What would it take to unseat New York City’s iconic yellow cab as the king of the street hail?

Three thousand Ubers and a computer algorithm, according to a new study.

Although about 14,000 yellow cabs have licenses to roam the city, new research from the Massachusetts Institute of Technology suggests that the city’s transportation network could be supported with just a quarter of that — if passengers were willing to carpool through services such as Uber and Lyft.

In a six-month study, a team of researchers created an algorithm showing that 3,000 four-person cars could serve 98 percent of the city’s taxi demand, with wait times averaging only about 2.3 minutes. The algorithm, which draws from data from 3 million New York City taxi rides, “works in real-time to reroute cars based on incoming requests,” according to the researchers. It also sends idle cars to areas with high demand, speeding up service by 20 percent, the research team said.

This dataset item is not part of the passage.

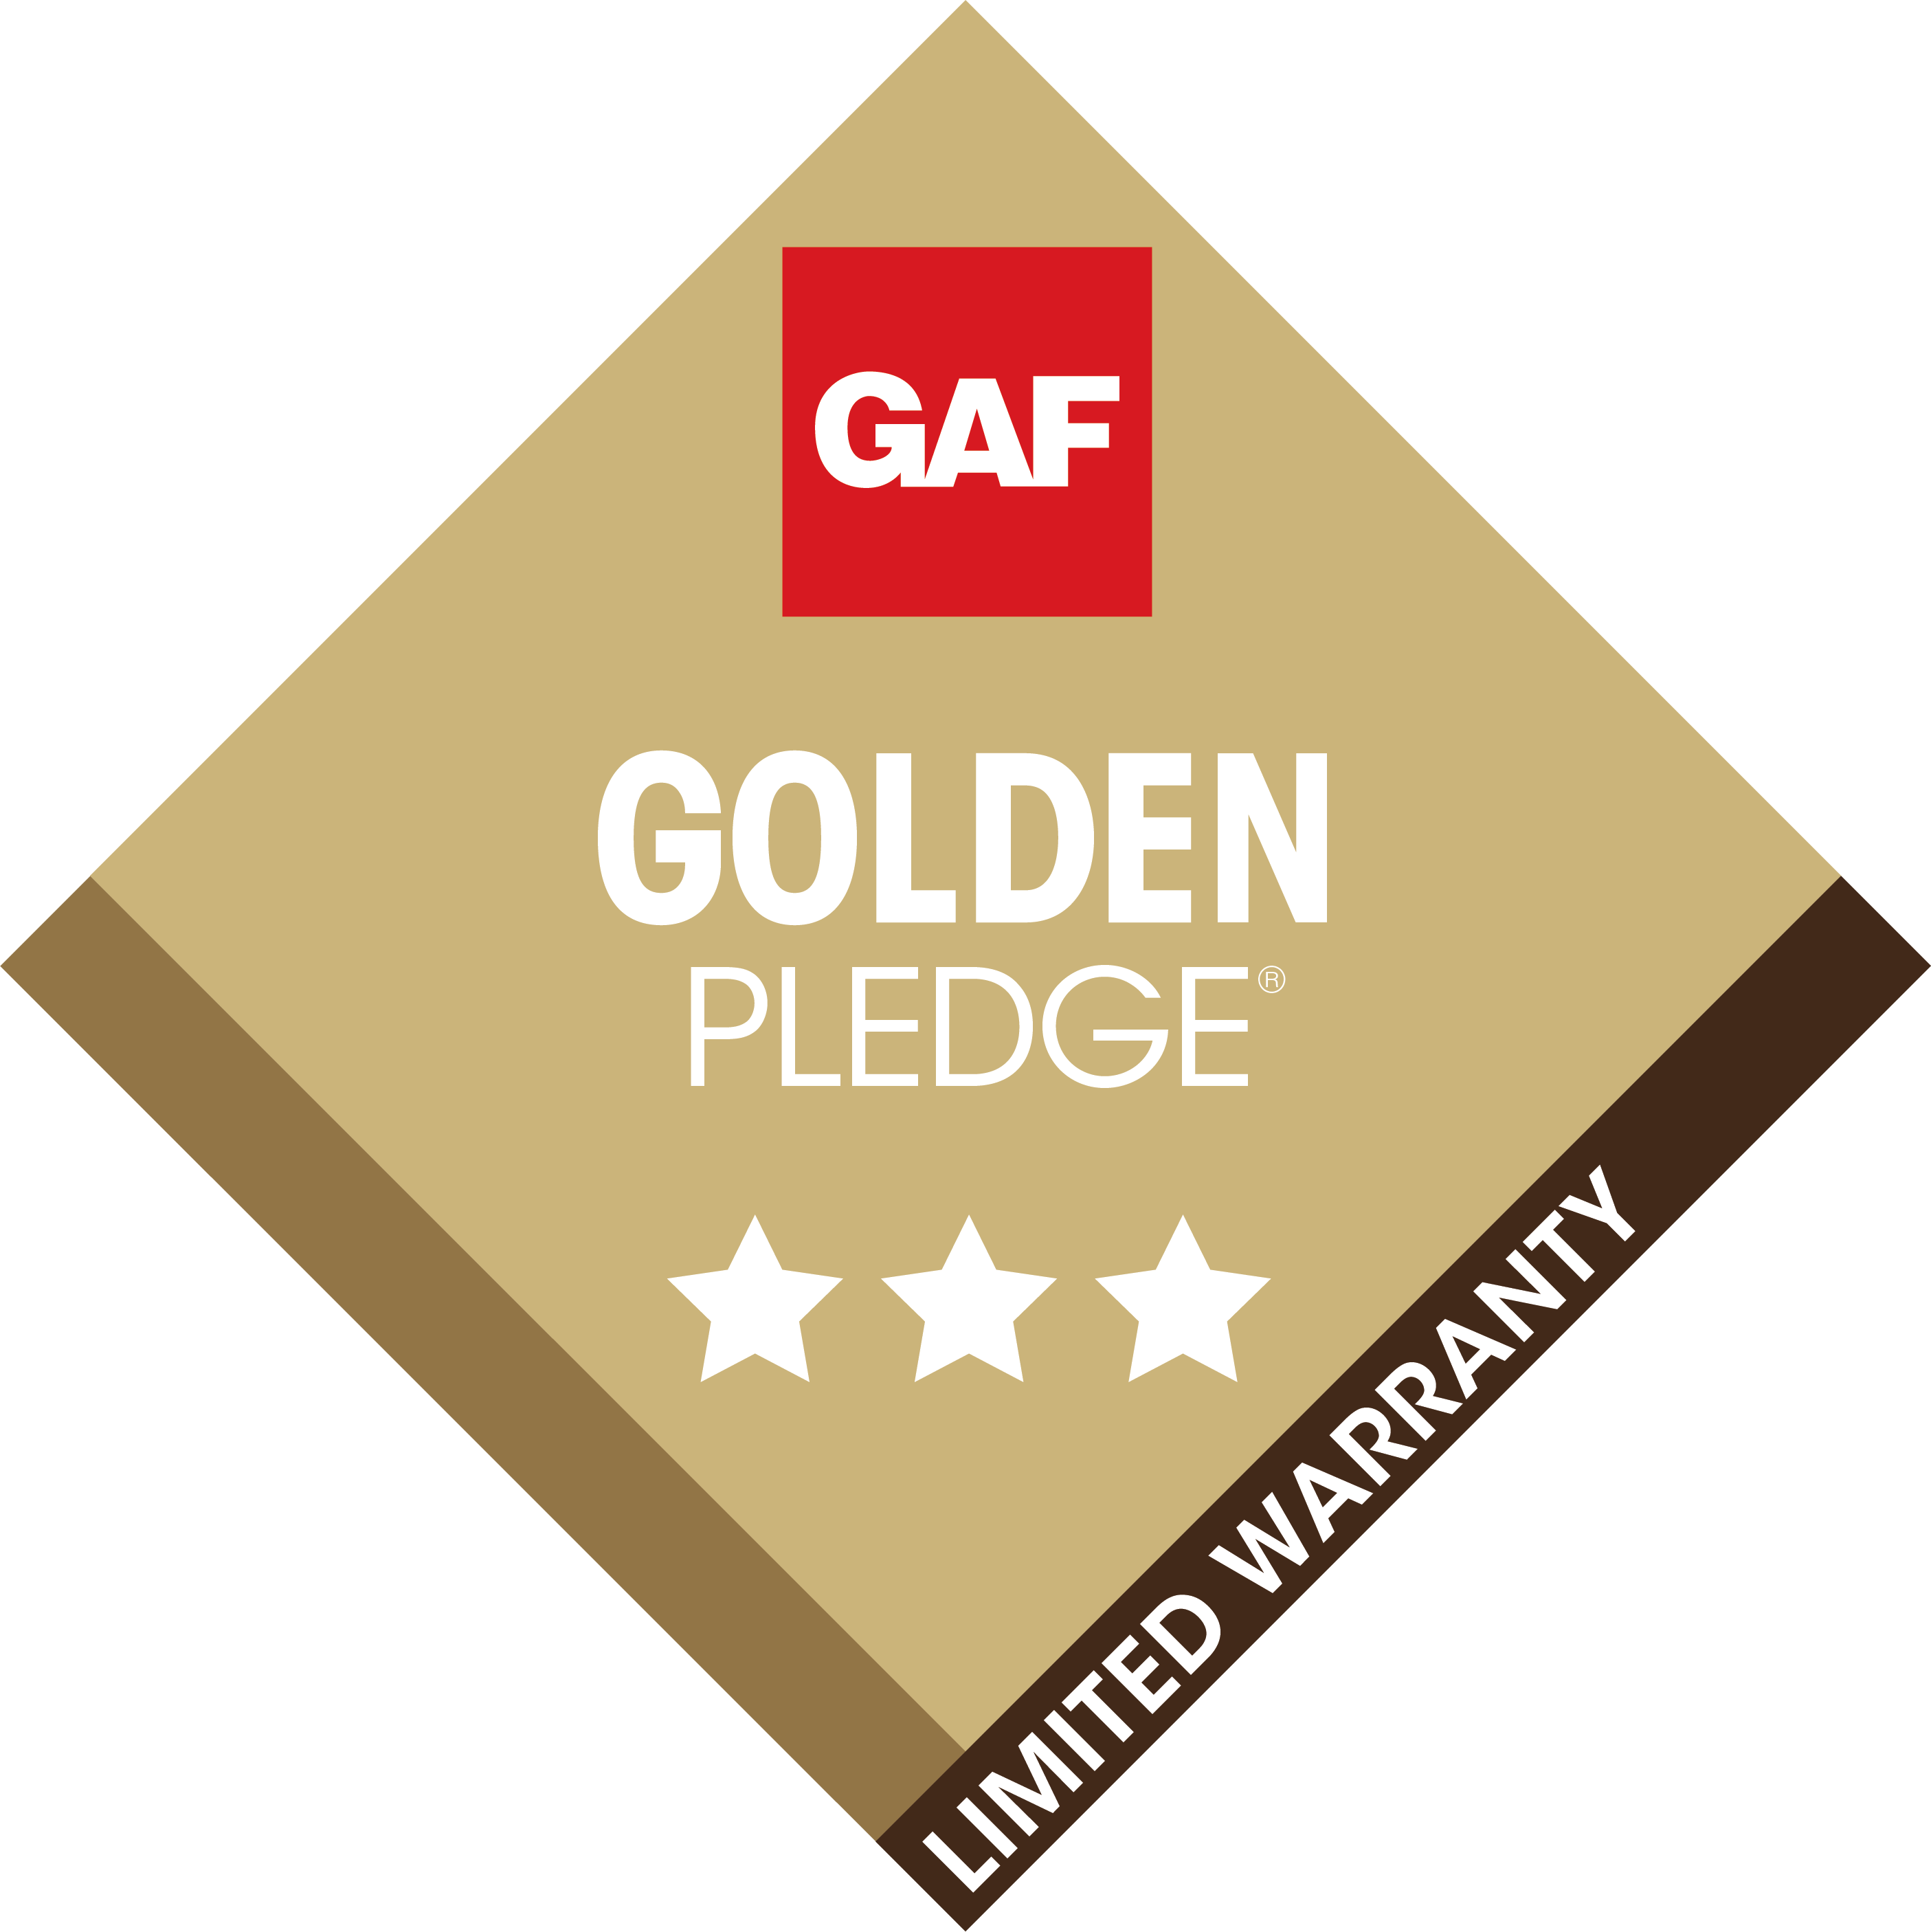 GAF golden pledge roofing contractor rapid city

Ride-hailing companies have their own algorithms for dispatching rides through their shared-ride systems, but the researchers said those mechanisms have limitations: for example, requiring that “user B” be along the same route as “user A” and — in some instances — requiring that all requests have poured in before a route is created.

The MIT algorithm is more complex and improves over time, the study’s authors said. And despite the study’s conclusions, they say, it’s not meant to harm the taxi industry. In a phone interview, professor Daniela Rus of MIT’s Computer Science and Artificial Intelligence Laboratory (CSAIL) said the findings simply show a city’s transportation infrastructure could support fewer cars on the road at any given time.

“We really see this as an opportunity to improve efficiency and improve the lives of drivers,” she said. “Instead of working 12-hour shifts, you could work six- or eight-hour shifts. And you would make the same amount of money because it’s the same transportation need, it’s the same level of payment that flows through the system.”

Researchers experimented with vehicles of various sizes. They found, for example, that 2,000 10-person vans could serve 98 percent of New York City’s taxi demand, with an average wait time of 2.8 minutes. The algorithm determines which size vehicle is best suited for the request.

“To our knowledge, this is the first time that scientists have been able to experimentally quantify the trade-off between fleet size, capacity, waiting time, travel delay, and operational costs for a range of vehicles, from taxis to vans and shuttles,” Rus said in a statement. “What’s more, the system is particularly suited to autonomous cars, since it can continuously reroute vehicles based on real-time requests.”